No one expected it. On Sunday, Tunisian President Kais Saied carried out a major government reshuffle without giving any explanation, just over a month before the presidential election. Without explanation, 22 ministerial portfolios were assigned to new figures.
Mohamed Ali Nafti, a former diplomat who served in several Tunisian embassies – notably in Greece, Spain and South Korea – is the new head of diplomacy. He held the post of Secretary of State to the Minister of Foreign Affairs when Kais Saied dismissed him from his post in 2021.
Khaled Shili, also a former diplomat and former official at the Ministry of Foreign Affairs, is designated Minister of Defense. He was notably ambassador to Jordan. According to the presidency, the three new secretaries of state will assist the Minister of Foreign Affairs, the Minister of Agriculture and Water Resources and the Minister of Employment.
Authoritarian drift
Kais Saied, 66, democratically elected in 2019, seized all powers in a coup on July 25, 2021 and has since been accused of authoritarianism by the opposition and its detractors. He is now seeking a second presidential term as part of what he has called a “war of liberation and self-determination” aimed at “establishing a new republic.” Facing him in this presidential election to be held on October 6, the other candidates are Zouhair Maghzaoui, a former deputy of the pan-Arab left, and a forty-year-old industrialist, Ayachi Zammel, leader of a liberal party.
On Tuesday, the NGO Human Rights Watch (HRW) stated that “at least eight potential candidates have been prosecuted, convicted or imprisoned” and, de facto, “prevented from running”. These include opposition leaders Issam Chebbi and Ghazi Chaouachi, and the leader of the Free Destourian Party, Abir Moussi, an opposition figure nostalgic for the former regimes of Habib Bourguiba and Zine El Abidine Ben Ali.
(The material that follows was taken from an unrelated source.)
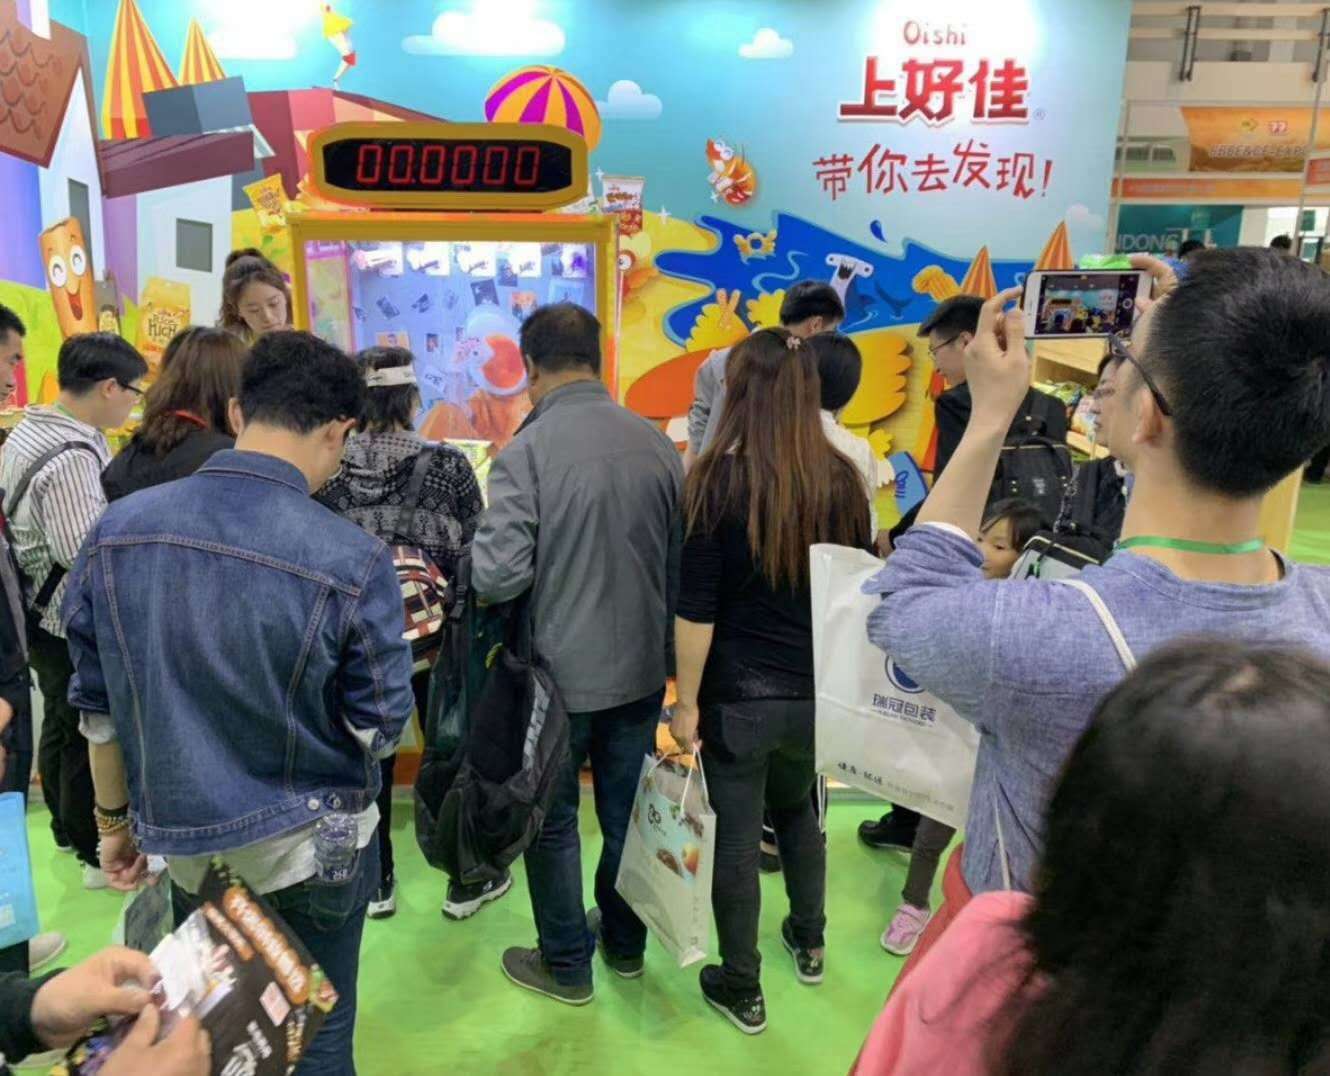 2020北京食品加工与包装展览会

“After jailing dozens of prominent opponents and activists, the authorities have removed almost all serious contenders from the presidential race, reducing the election to a mere formality,” said Bassam Khawaja, deputy Middle East and North Africa director at HRW. Several candidates had complained of administrative obstacles in obtaining endorsement forms and a criminal record extract.
The Prime Minister recently replaced
On August 8, the president’s office announced the dismissal of Prime Minister Ahmed Hachani, without giving any official explanation. He was replaced by the Minister of Social Affairs, Kamel Madouri, who had joined the government shortly before.
After assuming full powers, Kais Saied revised the Constitution to replace the current parliamentary regime with an ultra-presidentialist system in which Parliament has almost no more powers. He also dismantled, according to his opponents, most of the counterbalancing institutions established since the advent of democracy and the fall of the Ben Ali dictatorship in 2011, in the wake of the Arab Spring.